Sorry -- I meant that it does send a SYNCHRONIZE CACHE command. It
doesn't flush the I/O queue.

Alan Stern

2015-05-18 01:57:45

by NeilBrown

[permalink] [raw]
Subject: Re: [PATCH 1/1] suspend: delete sys_sync()

On Fri, 15 May 2015 11:35:57 +0100 One Thousand Gnomes
<[email protected]> wrote:

> > > Data loss may be caused for hotplug storage(like USB), or all storage
> > > when power is exhausted during suspend.
> >
> > Which also may very well happen at run time, right?
>
> Intuitively users treat "suspended" as a bit like off and do remove
> devices they've "finished with".
>
> Technically yes the instant off/on on a phone is the same as the suspend
> to RAM on a laptop but it doesn't mean the model in people's heads is the
> same... not yet anyway.
>
> > > Is there obvious advantage to remove sys_sync() in the case?
> >
> > Yes, there is. It is not necessary to sync() every time you suspend
> > if you do that very often.
>
> But if you do it very often you won't have any dirty pages to flush so it
> will be very fast.

Several people have said things like this, and yet Len clearly saw a problem
so sometimes it isn't as fast as you think it should be. I guess we need
some data.

In fact there seem to be a number of open questions:

1/ Len has seen enough delays to bother sending a patch. Twice. Lots of
other people claim there shouldn't be much delay.
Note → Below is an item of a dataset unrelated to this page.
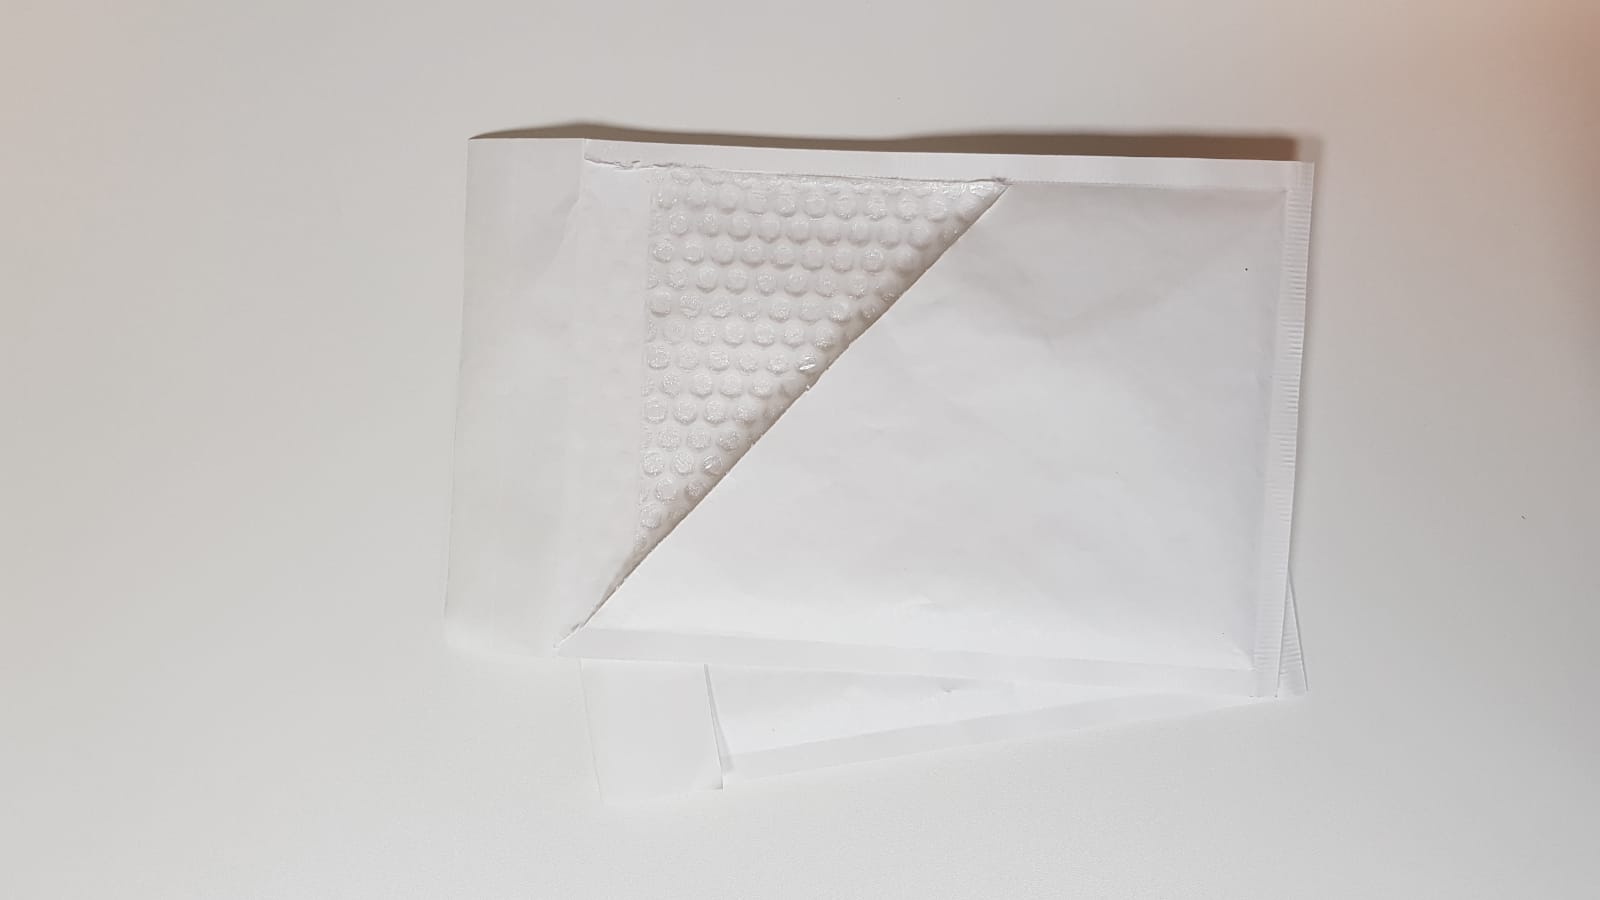 Padded bag 100 X 160mm (and various sizes) - Airship White Peel & Seal Padded Bags

Len: can you provide numbers? How long does the sys_sync take
(min/max/mean....). I think an interesting number would be in a quick
"resume, do something, suspend" cycle, what percent of the time is spent
in sys_sync.
Maybe also report what filesystems are in use, and whether you expect
there to be any dirty data.

If I run "time sync; time sync; time sync" it reports about 50msec for
each sync. If I run "time sleep 0; time sleep 0; time sleep 0" it reports
about 2 msec. So sys_sync is taking at least 50msec.
Almost all of that is in sync_inodes_sb() and much of that is in
_raw_spin_lock.... though I might be misinterpreting perf. It seems to
wait for a BDI flusher thread to go off and do nothing.

Len: is 50msec enough to bother you?


2/ Is a 'sys_sync' really necessary. People claim that "users might lose
data". I claim that some user data could be still in the application
buffers so they would lose that anyway, and applications call fsync after
writing everything out, so sys_sync isn't necessary.
Does anyone have an example of an application which writes important
user data, but doesn't call "fsync" shortly after all data has been written
out of the application's internal buffers?

3/ Is a 'sys_sync' sufficient. Len claims that in some cases, when running
sync; sync
the second sync takes longer, suggesting that the first sync didn't do
everything that was expected. Prior to Linux 1.3.20, sys_sync didn't
wait for everything. Since then it seems to be designed to, but maybe
something isn't right there.
In that case, having sys_sync may not be helping anyway.

Len: can you reliably reproduce this? Can you provide a recipe?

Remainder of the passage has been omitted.